**Exercise**: For the material below, return exactly the lines starting at the one holding "역사논술. 2: 그리스와" and ending at the one holding "わな迫害サイバースペース(まとめ)アース製薬 温泡とろり炭酸湯ぜいたく柑橘柚子12錠入 【×3点セット】", counting both as part of the range.

**Records for processing**:

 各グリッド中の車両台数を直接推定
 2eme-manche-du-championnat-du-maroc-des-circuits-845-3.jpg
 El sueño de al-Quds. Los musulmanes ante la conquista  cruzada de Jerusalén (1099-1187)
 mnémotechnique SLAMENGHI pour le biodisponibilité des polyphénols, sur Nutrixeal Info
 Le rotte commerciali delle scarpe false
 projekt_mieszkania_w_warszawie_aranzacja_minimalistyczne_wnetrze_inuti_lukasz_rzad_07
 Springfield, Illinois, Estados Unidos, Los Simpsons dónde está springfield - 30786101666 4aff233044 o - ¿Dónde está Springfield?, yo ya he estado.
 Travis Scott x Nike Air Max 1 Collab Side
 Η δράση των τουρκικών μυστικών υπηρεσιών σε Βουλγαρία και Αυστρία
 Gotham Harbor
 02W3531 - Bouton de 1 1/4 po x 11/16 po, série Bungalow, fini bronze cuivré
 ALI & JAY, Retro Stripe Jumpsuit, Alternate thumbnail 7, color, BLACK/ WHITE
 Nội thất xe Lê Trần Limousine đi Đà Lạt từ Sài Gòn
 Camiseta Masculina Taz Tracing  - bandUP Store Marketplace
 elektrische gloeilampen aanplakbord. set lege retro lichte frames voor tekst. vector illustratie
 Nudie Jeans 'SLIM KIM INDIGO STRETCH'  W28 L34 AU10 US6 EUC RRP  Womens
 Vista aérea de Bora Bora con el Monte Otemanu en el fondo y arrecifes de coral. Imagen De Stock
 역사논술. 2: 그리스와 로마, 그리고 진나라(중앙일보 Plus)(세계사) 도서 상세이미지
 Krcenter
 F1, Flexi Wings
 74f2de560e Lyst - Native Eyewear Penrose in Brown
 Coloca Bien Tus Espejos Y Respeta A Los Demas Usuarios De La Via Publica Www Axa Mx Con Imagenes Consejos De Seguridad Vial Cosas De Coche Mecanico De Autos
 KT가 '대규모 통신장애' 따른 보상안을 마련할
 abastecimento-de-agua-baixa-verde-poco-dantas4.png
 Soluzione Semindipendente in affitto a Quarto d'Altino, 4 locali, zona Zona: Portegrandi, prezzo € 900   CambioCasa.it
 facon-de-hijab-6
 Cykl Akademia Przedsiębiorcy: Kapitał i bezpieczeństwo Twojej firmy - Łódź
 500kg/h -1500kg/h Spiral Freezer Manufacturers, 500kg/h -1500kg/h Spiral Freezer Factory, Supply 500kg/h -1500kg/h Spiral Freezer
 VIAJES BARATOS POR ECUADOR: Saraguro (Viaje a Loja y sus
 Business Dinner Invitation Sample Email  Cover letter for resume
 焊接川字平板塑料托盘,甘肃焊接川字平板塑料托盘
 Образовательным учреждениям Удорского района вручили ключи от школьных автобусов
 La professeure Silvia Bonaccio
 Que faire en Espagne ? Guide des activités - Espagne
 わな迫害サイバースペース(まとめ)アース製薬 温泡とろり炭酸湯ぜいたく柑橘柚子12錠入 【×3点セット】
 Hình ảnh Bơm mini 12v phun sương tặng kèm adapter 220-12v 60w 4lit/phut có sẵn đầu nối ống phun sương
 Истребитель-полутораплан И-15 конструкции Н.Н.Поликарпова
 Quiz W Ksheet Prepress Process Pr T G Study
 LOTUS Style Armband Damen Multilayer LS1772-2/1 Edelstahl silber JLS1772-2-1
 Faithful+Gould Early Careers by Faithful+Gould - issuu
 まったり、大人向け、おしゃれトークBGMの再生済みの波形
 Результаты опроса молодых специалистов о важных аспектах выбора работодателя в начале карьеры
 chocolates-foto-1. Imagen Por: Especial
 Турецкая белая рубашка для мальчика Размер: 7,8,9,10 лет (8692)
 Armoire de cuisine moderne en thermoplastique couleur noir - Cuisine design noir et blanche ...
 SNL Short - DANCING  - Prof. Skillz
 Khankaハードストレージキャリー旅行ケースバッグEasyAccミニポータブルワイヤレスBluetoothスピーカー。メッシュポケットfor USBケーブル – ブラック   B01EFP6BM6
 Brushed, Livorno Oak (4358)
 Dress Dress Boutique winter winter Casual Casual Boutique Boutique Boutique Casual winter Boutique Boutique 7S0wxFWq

**Solution to the exercise**:
 역사논술. 2: 그리스와 로마, 그리고 진나라(중앙일보 Plus)(세계사) 도서 상세이미지
 Krcenter
 F1, Flexi Wings
 74f2de560e Lyst - Native Eyewear Penrose in Brown
 Coloca Bien Tus Espejos Y Respeta A Los Demas Usuarios De La Via Publica Www Axa Mx Con Imagenes Consejos De Seguridad Vial Cosas De Coche Mecanico De Autos
 KT가 '대규모 통신장애' 따른 보상안을 마련할
 abastecimento-de-agua-baixa-verde-poco-dantas4.png
 Soluzione Semindipendente in affitto a Quarto d'Altino, 4 locali, zona Zona: Portegrandi, prezzo € 900   CambioCasa.it
 facon-de-hijab-6
 Cykl Akademia Przedsiębiorcy: Kapitał i bezpieczeństwo Twojej firmy - Łódź
 500kg/h -1500kg/h Spiral Freezer Manufacturers, 500kg/h -1500kg/h Spiral Freezer Factory, Supply 500kg/h -1500kg/h Spiral Freezer
 VIAJES BARATOS POR ECUADOR: Saraguro (Viaje a Loja y sus
 Business Dinner Invitation Sample Email  Cover letter for resume
 焊接川字平板塑料托盘,甘肃焊接川字平板塑料托盘
 Образовательным учреждениям Удорского района вручили ключи от школьных автобусов
 La professeure Silvia Bonaccio
 Que faire en Espagne ? Guide des activités - Espagne
 わな迫害サイバースペース(まとめ)アース製薬 温泡とろり炭酸湯ぜいたく柑橘柚子12錠入 【×3点セット】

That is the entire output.